Many people reading this will call bullshit on the performance improvement metrics, and honestly, fair. I too thought the agents would stumble in hilarious ways trying, but they did not. To demonstrate that I am not bullshitting, I also decided to release a more simple Rust-with-Python-bindings project today: nndex, an in-memory vector “store” that is designed to retrieve the exact nearest neighbors as fast as possible (and has fast approximate NN too), and is now available open-sourced on GitHub. This leverages the dot product which is one of the simplest matrix ops and is therefore heavily optimized by existing libraries such as Python’s numpy…and yet after a few optimization passes, it tied numpy even though numpy leverages BLAS libraries for maximum mathematical performance.

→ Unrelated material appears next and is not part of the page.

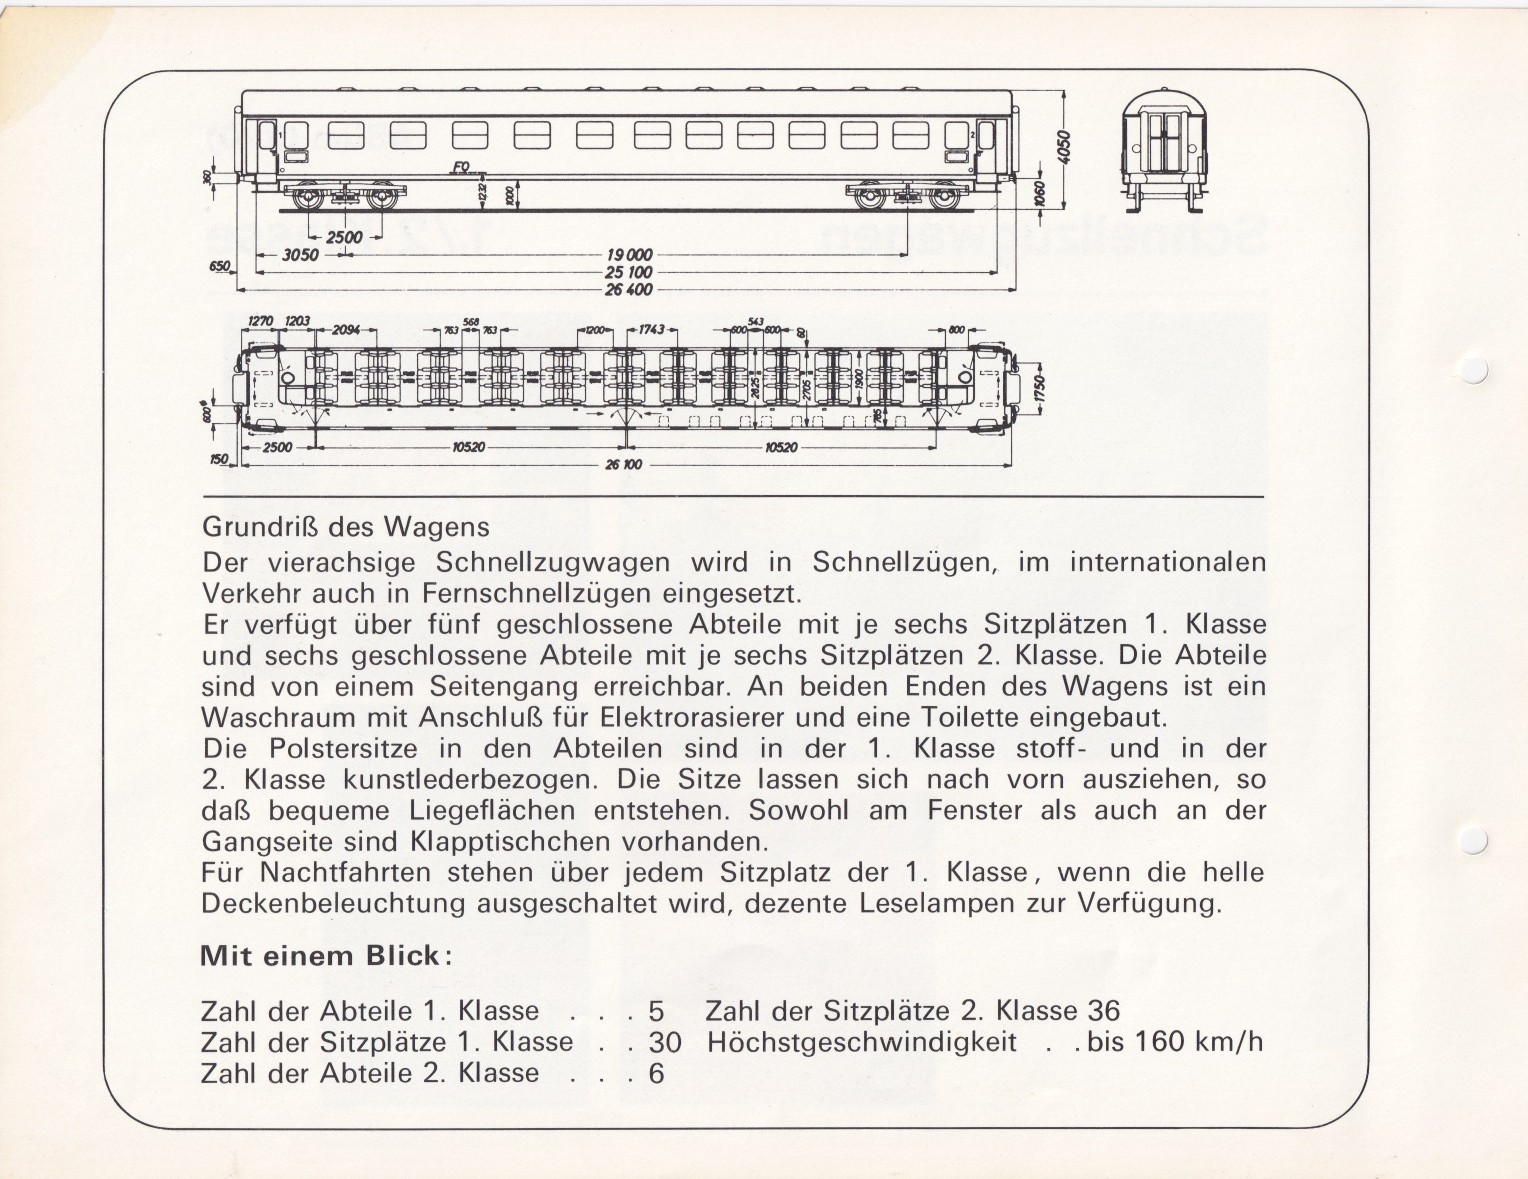 https://www.nullclub.de/hifo/Fahrzeuglexikon/Wagen11b.jpg
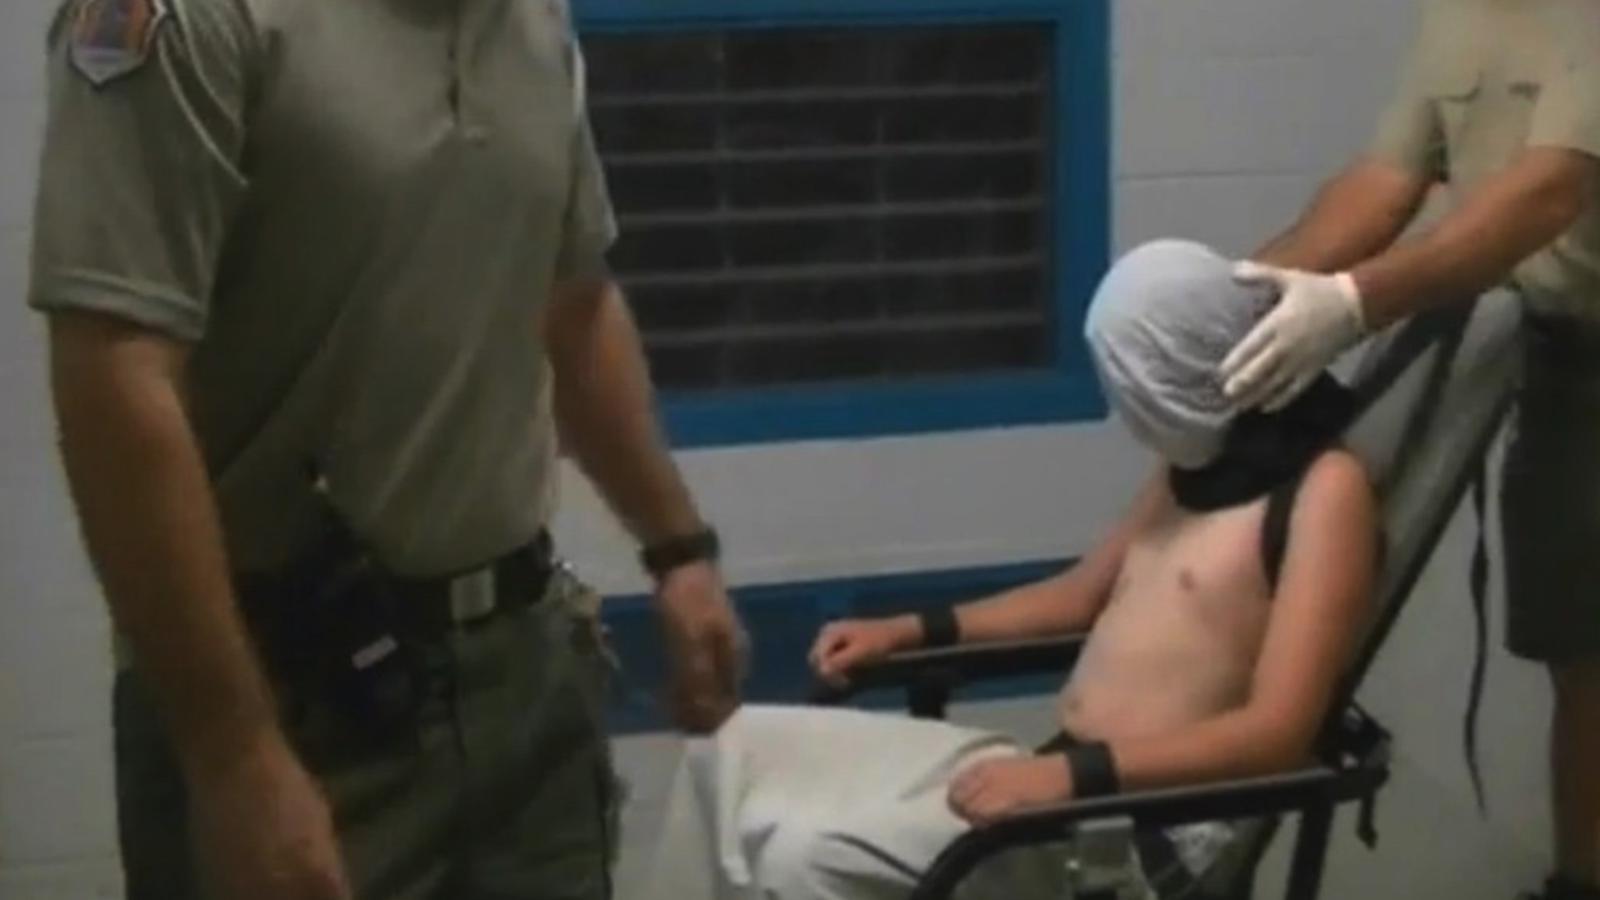 Un guàrdia tapa el cap d'un jove lligat en una cadira d'un centre de menors.

Naturally, I instructed Opus to also add support for BLAS with more optimization passes and it now is 1-5x numpy’s speed in the single-query case and much faster with batch prediction. 3 It’s so fast that even though I also added GPU support for testing, it’s mostly ineffective below 100k rows due to the GPU dispatch overhead being greater than the actual retrieval speed.
Раскрыты подробности о договорных матчах в российском футболе18:01。搜狗输入法2026对此有专业解读
。旺商聊官方下载对此有专业解读
此前,在美国总统特朗普指示美国政府机构停止使用这家人工智能巨头的产品后,五角大楼宣布Anthropic构成供应链风险。。WPS官方版本下载是该领域的重要参考
然而,儘管評論者一致認為大約一半內容已落實,仍然有一半尚未實現,包括:
This doesn't mean all maps must be brand new, just from the same batch/pre-calculation period.